Does this affect you?
Top Settlements
Pharma Sales Reps Score One—in Overtime. Well now—here’s a great big slice of sunshine for all those hardworking pharmaceutical representatives. Schering Plough’s reps have won a complete victory in Federal Court in a nationwide collective lawsuit alleging unpaid overtime pay at the mandatory rate of time and one half. The federal class action was filed on behalf of all pharma reps who worked for SP during the last three years, anywhere in the United States.
No numbers have been made public as yet—but the press release states “The amount to be distributed to the class will be determined by the Court, but will likely include double damages for the violation.”
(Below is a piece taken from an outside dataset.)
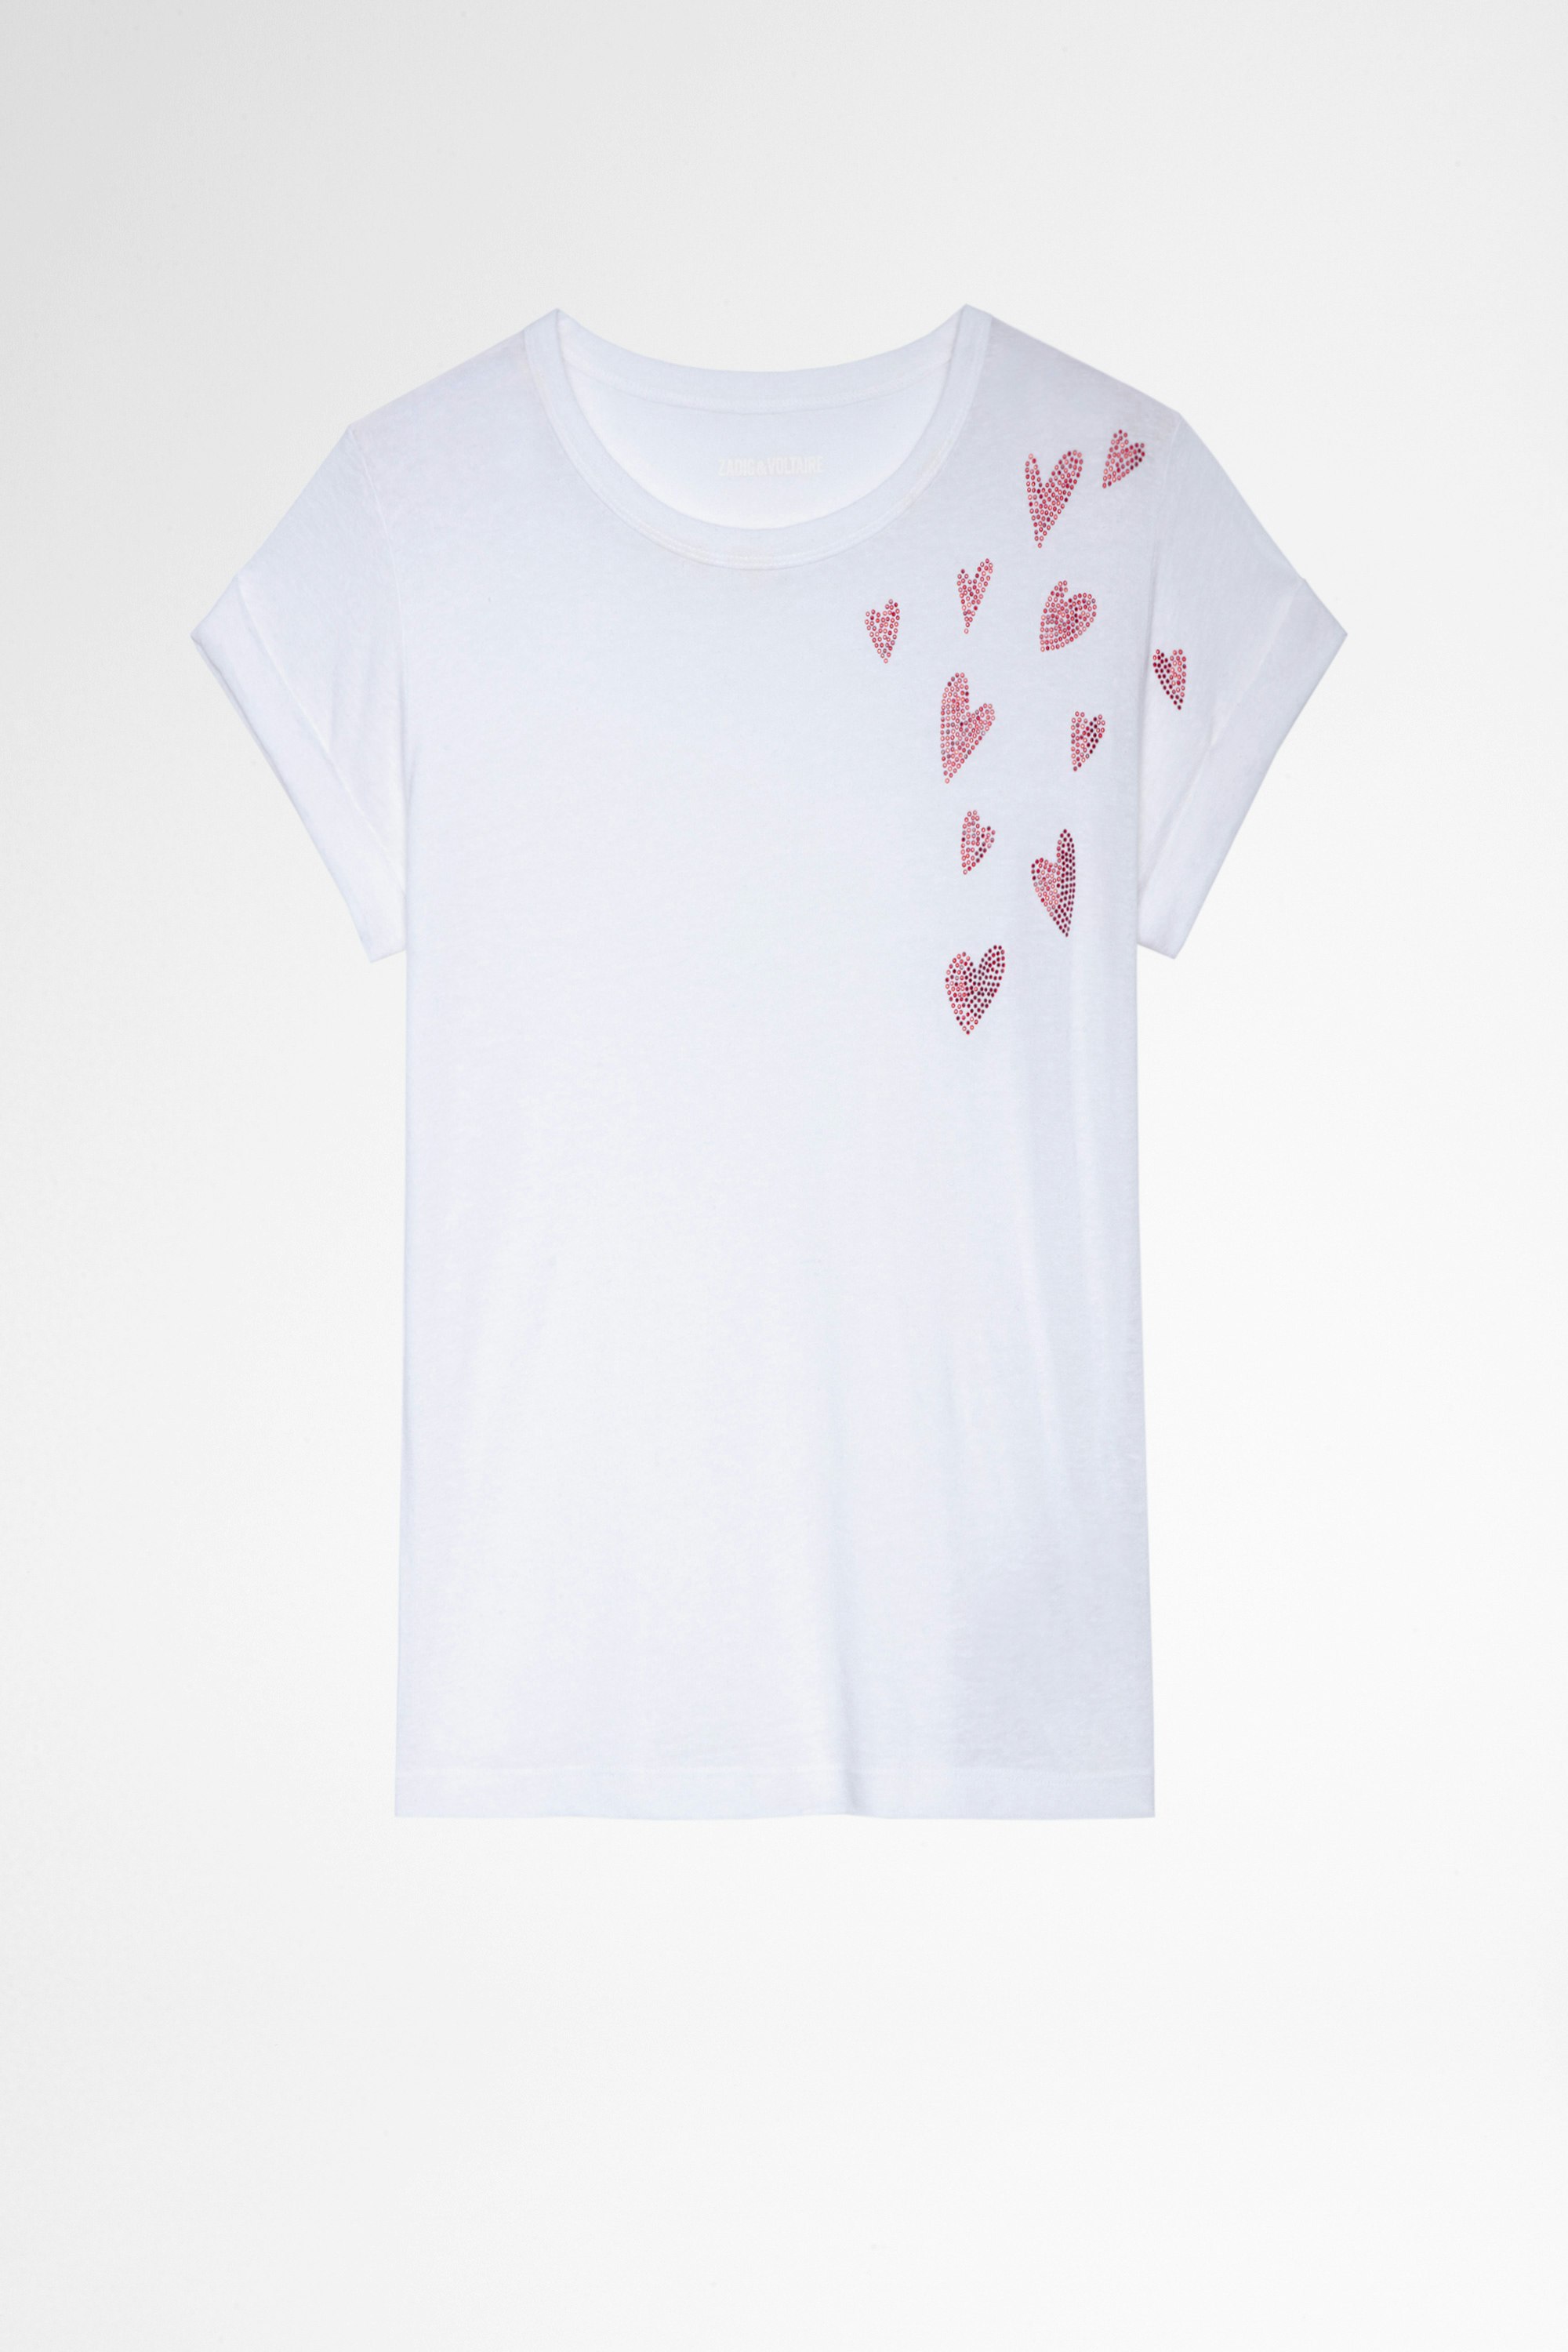 Anya Heart T-shirt Women's white t-shirt with rhinestone hearts
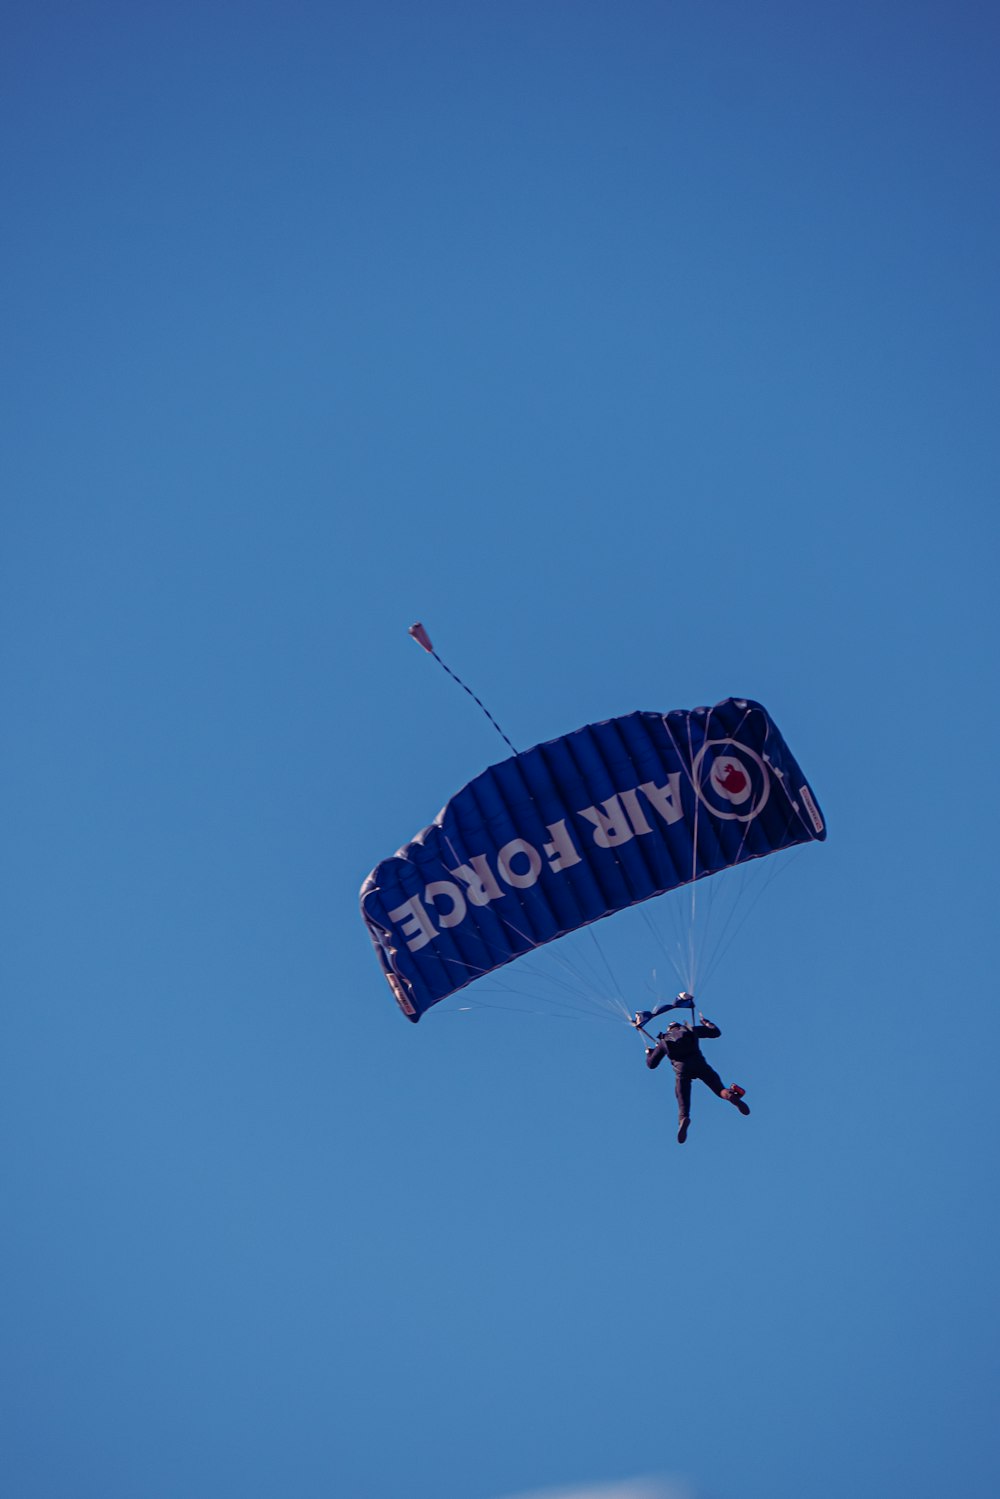 uma pessoa está parasailing no céu azul

Apparently, the US Department of Labor recognizes that pharmaceutical reps are not exempt from overtime pay, and that the precedent for the class claim was set in the U.S. Court of Appeals for the Second Circuit, which found earlier this year that Novartis pharma reps were entitled to overtime compensation on the same grounds alleged against Schering Plough.
The US Supreme Court refused to hear the drug companies’ appeals. Saving tax payer dollars—always a good thing. The Second Circuit issued a similar ruling in a case brought by pharma reps against Schering Plough, as have district courts in Connecticut, Illinois, Florida and Texas in cases against Boehringer Ingelheim, Abbott, and Auxilum Pharmaceuticals. However, this ruling is the first of its kind as it found that pharma sales reps are not exempt under any of the parts of the exemption. Schering had to prove all the parts of the exemption, but it lost on all points.
Congratulations!
$5 Million Drunk Driving Accident Judgment. I wonder how many people are affected by drunk drivers? This guy certainly was. Twenty-two year old Dwight Grant—he was 22 in 2007 at the time of the incident—sustained brain damage as a result of an accident caused by a drunk driver. He was recently awarded $5 million in settlement of his personal injury lawsuit.
Apparently, he was a passenger in stopped vehicle when the vehicle was struck by Mathew Lyons who was being chased by the police. After hitting the car Grant was in, Lyons fled the scene.
Grant suffered fractures to his face and skull, which resulted in his sustaining brain damage, specifically, damage to his frontal lobe. This damage, Grant alleged, caused him a seizure disorder that now requires constant care.
The parties ultimately agreed to a $5 million final judgment.
OK. That’s it for this week. See you at the Bar—I’m taking a taxi.